Christopher Griffis said...

Technology is a very interesting topic as the term can have a very broad definition. Technology can relate to the phones that everyone has in there pocket or it can also refer to the mundane things such as the wheel or screw. The advancement from the technology of the wheel being revolutionary is what creates this curiosity for the future of this technology. Whether or not we have flying cars in the next 100 years is a different question.

Initially inventions, such as the wheel or the light bulb, were developed from necessity; people needed to work in the night and wheels were needed for wagons. However we are starting to reach a time when technology has caught up to necessity. The car can always have new features but will not be reinvented a everyone does not need a new design for a method of transportation. In other words there are not as many new inventions as there are improvements because the current product is not broken. This makes the change toward green cars difficult as climate change is not an immediate side effect but more of a "later problem."

Adjon Tahiraj said...

A.I. is not possible. I believe technology will continue to grow exponentially but not to that extent.

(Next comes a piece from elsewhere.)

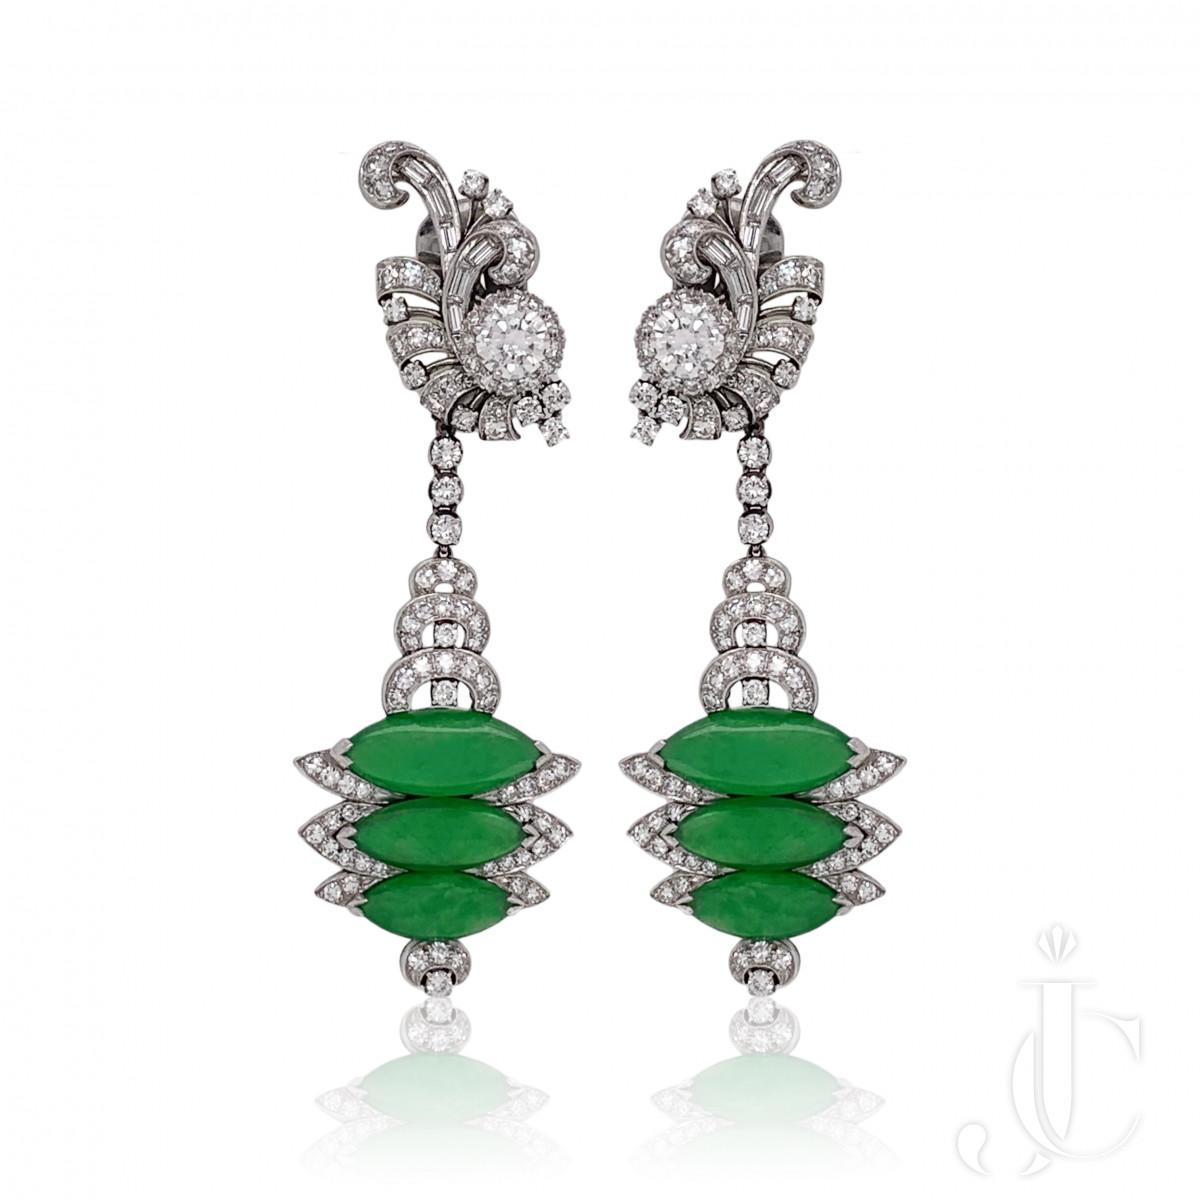 Spectacular Deco Jade Diamond Earrings

Other areas where technology will grow is in fuel technology and green energy. I think this is something in which we have only hit the tip of the iceberg. Green fuel will allow for a great advancement in other aspects of technology as well.

But A.I. will not happen.

Jessica Westmont said...

I believe that the technology of solar energy is something that will advance significantly in the next couple decades. With the energy crisis becoming more and more of a problem, the world is looking for another way to keep our energy fueled lives running. Solar energy could be incorporated into phones or mobile devices. Nobody will have to charge their phones because it will be charged by solar energy. Solar energy has been advancing rapidly in the past 10 years and I wouldn't be surprised if it was an even bigger part of our lives in throughout this century.

Anonymous said...

Agreeing with everyone else, I too believe that technology is a big and interesting topic with many fields within it. However, I would first like to start off that we are already living in a very technologically advanced modern day. I would like to further indicate that I would hope anymore advances would not affect modern society in a negative way. Meaning I hope that technology would not become so advanced that we as humans would grow an even stronger dependency on it, then we already have. I personally would like to find the line where we do not need technology for everything. Just because something is newer and more advanced doesn't mean it is any better than the older.

After having said that I would like to voice the areas that I hope and/or think should/would be advanced in. One of those areas would be medical technological advancements. For instance, a couple of years ago I remember hearing that medical science has gotten so advance that scientist could now use technology to restore a persons face almost completely. Another place that I feel should/would be advanced would be human's creation to generate energy. As we are currently running out of options for energy mankind would clearly look for an alternative for energy as we depend on it, hopefully a more clean method as well. Finally, I also think that the area of transportation will also be advanced. As mankind is always looking for a method to make travel more comfortable and easier accessible.